Among the initiatives: a proposal to boost HUD funding; possible expansion of a unique Texas program that uses state general obligation bonds to improve colonias; and a wave of lawsuits by the Texas attorney general's office to sue developers and recover some damages.

The HUD proposal represents the latest initiative. Earlier this year, HUD Secretary Henry Cisneros was shocked when he visited colonias near El Paso, Tex. "He came back full of anger and commitment," said Latimer.

In a recent speech, Cisneros said, "We are talking about the poorest of the poor. Take the worst unit in any public housing project in this country and set it in many a location of colonias along the Mexican-U.S. border and you may mistake it for a mansion."

To improve conditions, Cisneros has asked for a $200 million colonias allocation in the fiscal 1995 federal budget. If Congress approves it, the HUD program would be an unprecedented effort to devote federal dollars to such an effort in the border states, Garza said. Garza, a former project supervisor for the Dade County Public Schools, would oversee the program in his position as special assistant for migrant farmworker housing and colonias.

HUD officials said Cisneros has proposed flexible funding so that the HUD money will complement existing funding scattered throughout other federal programs, such as the Environmental Protection Agency and Farmers Home Administration. The funds also could work in tandem with state programs, such as Texas' Economically Distressed Areas Program, which provides bond-financed funds for water and sewer programs.

"There is no state better mobilized than Texas to address the problems of colonias," said HUD's Latimer. "Texas is out ahead of the country and the federal government."

He said the Texas distressed areas program could be a model for other states seeking to improve conditions in colonias.

Under the program, which voters approved about two years ago, the state is allocating $250 million in general obligation bond financing to provide water and sewer improvement grants and loans to poor communities.

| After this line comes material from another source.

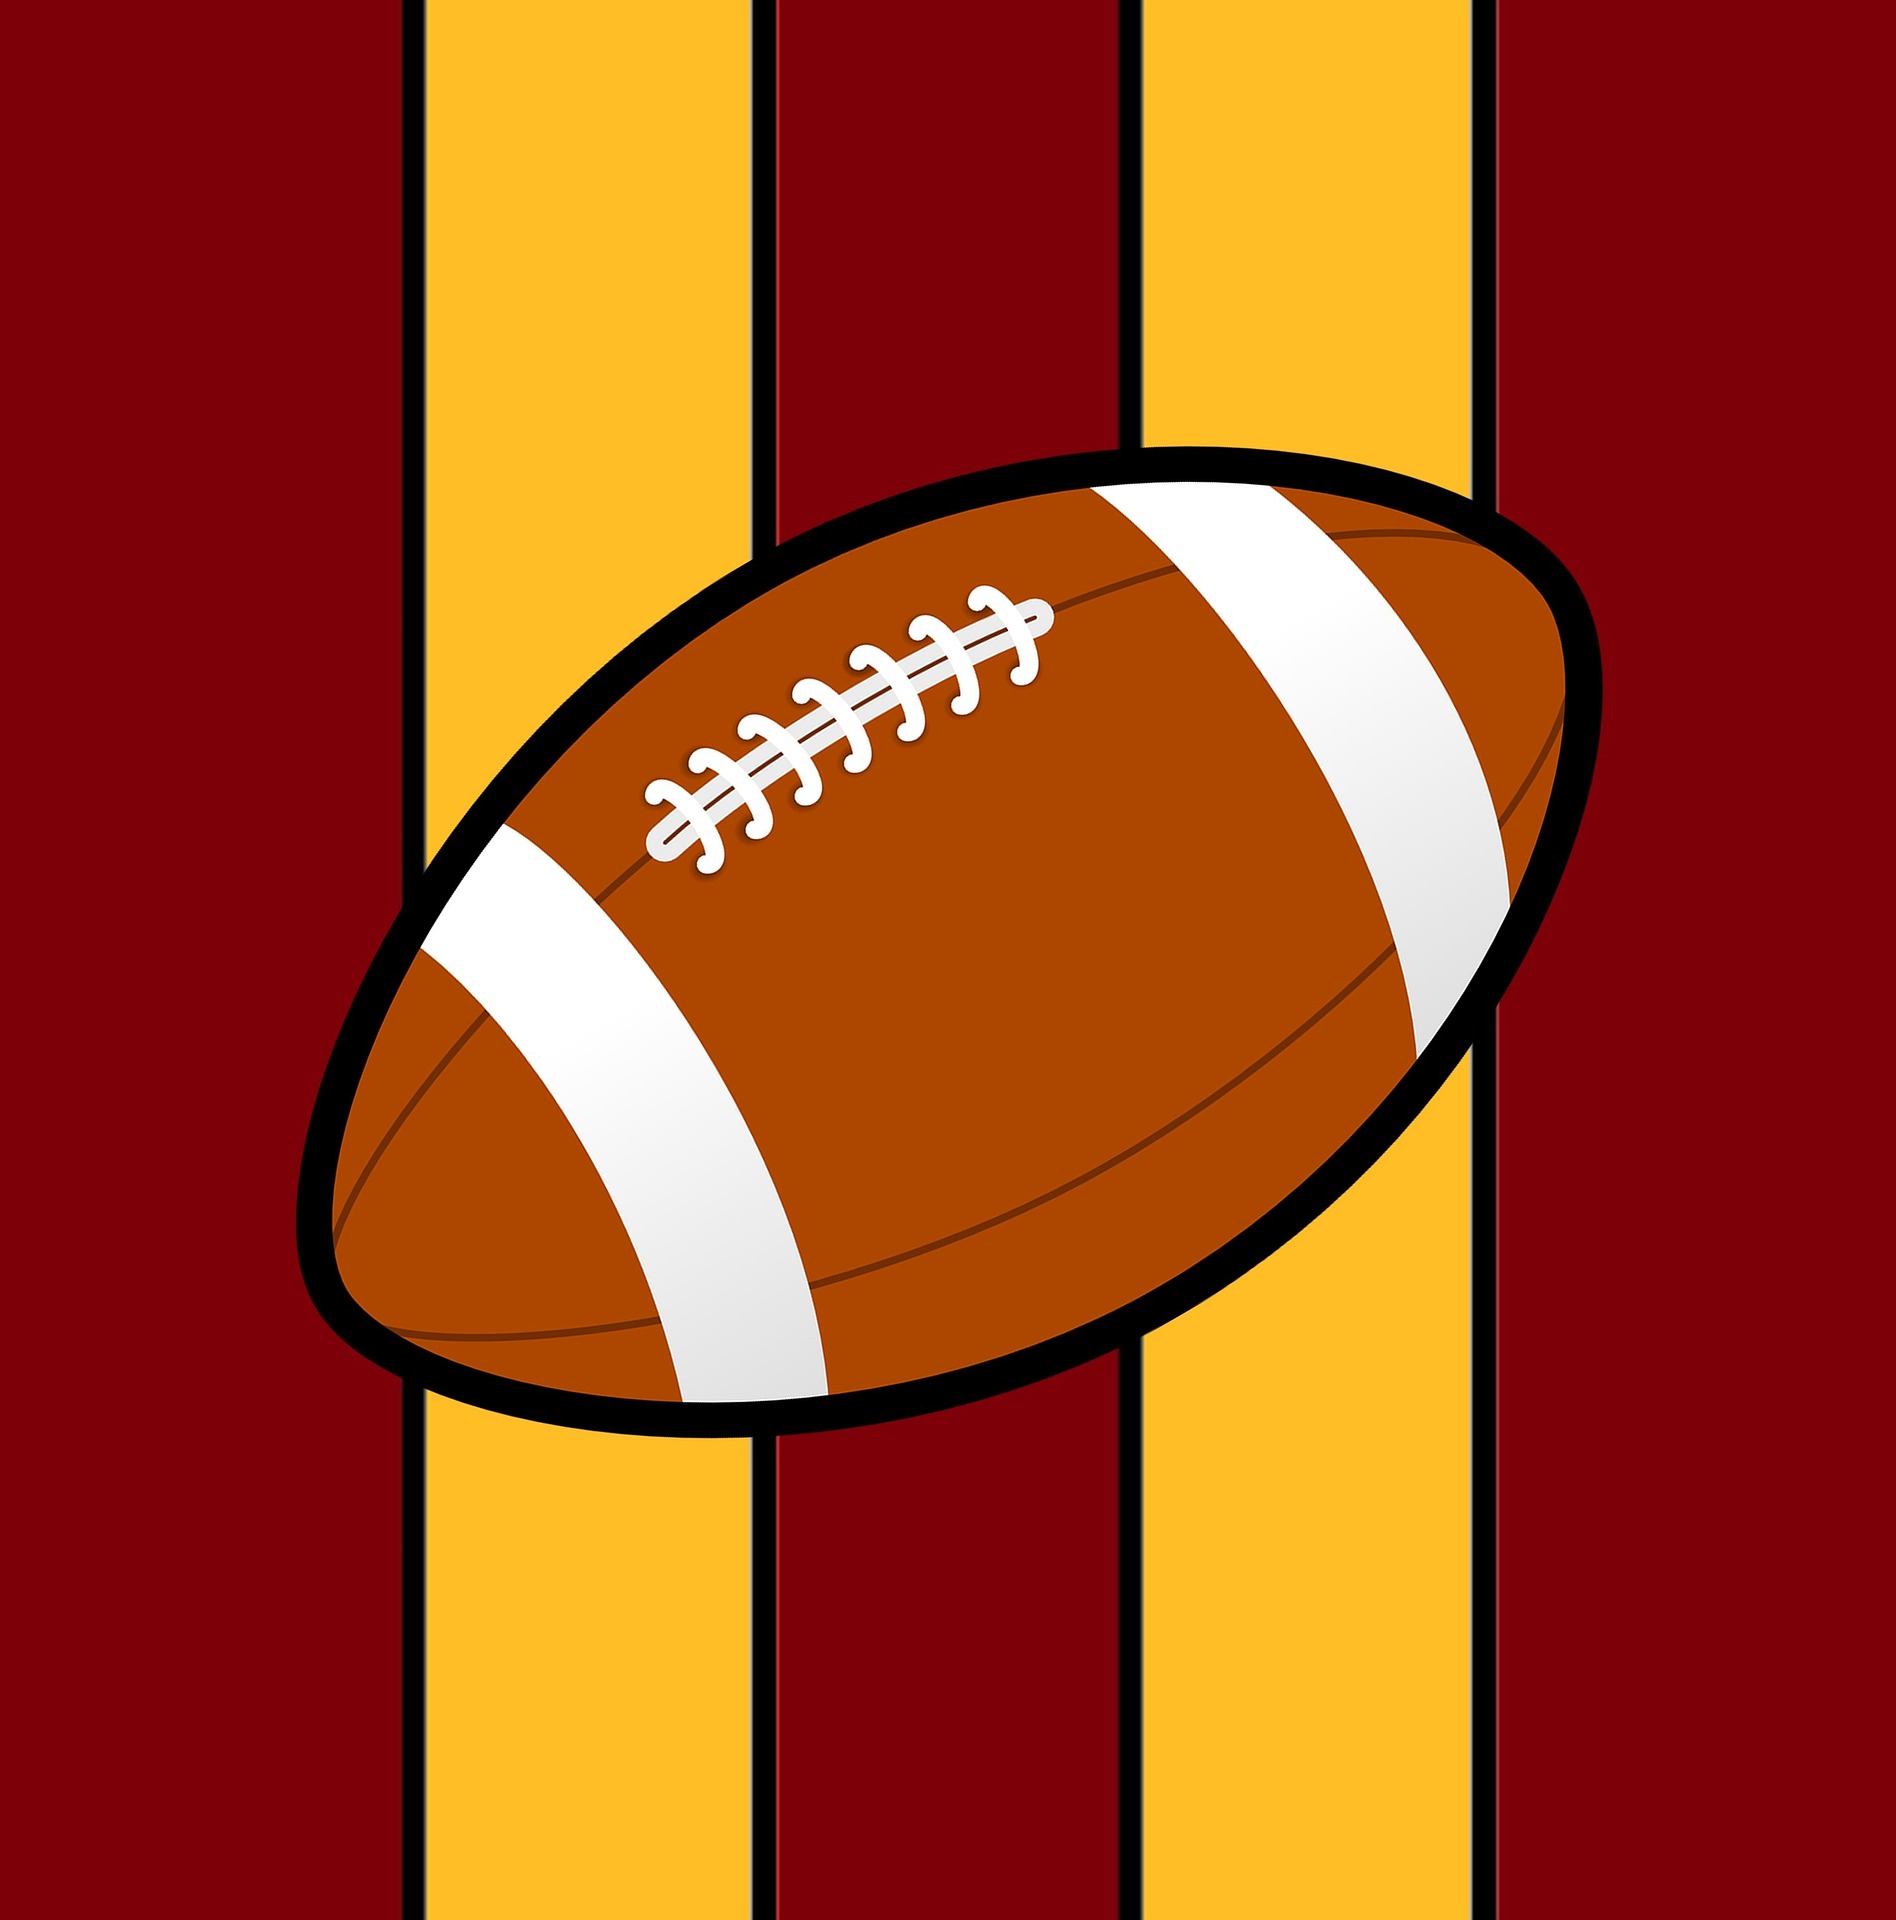 Football in USC colors

It is the first time a state has backed such improvements with GO bonds, state and federal officials said.

Operated by the Texas Water Development Board, the distressed areas program is supplemented by $70 million from the state and the Environmental Protection Agency. The program targets 27 eligible counties along the Texas-Mexico border, where poverty and high unemployment have spurred the growth of colonias.

During the past two years, more than $200 million has either been spent or committed for 36 sewer or water projects in Texas colonias, Water Development Board officials said. Most are in the planning stages, although a few have been completed or are under construction.

For example, the first project that provided water and wastewater service for almost 1,300 colonia residents in Edinburg, Tex., was completed for $1.45 million this past summer. Nearby, adjacent to the city of Brownsville, a $6.65 million project is under way to install wastewater treatment and water for almost 4,400 residents of the Cameron Park colonia.

Despite the progress, Tom Brown, deputy executive administrator of the water board, said more federal or state funding is needed to provide sewer and water systems in colonias.

"Our current funding is inadequate," Brown said. "We only have about half the amount that is needed." Moreover, Brown said Texas should not have to pick up the whole tab for improving colonias.

"The federal government has got to be involved to come up with more money," he said. "It's an international border."

Meanwhile, the Texas attorney general's office has assembled a strike force of about 12 lawyers and six investigators for a legal crackdown. The team is planning a "wave of lawsuits" within the next several weeks to recover damages from developers, said Javier Guajardo, special assistant to the attorney general and director of the colonias strike force.

"If we can't eliminate the growth of colonias, at least we can slow it down," Guajardo said.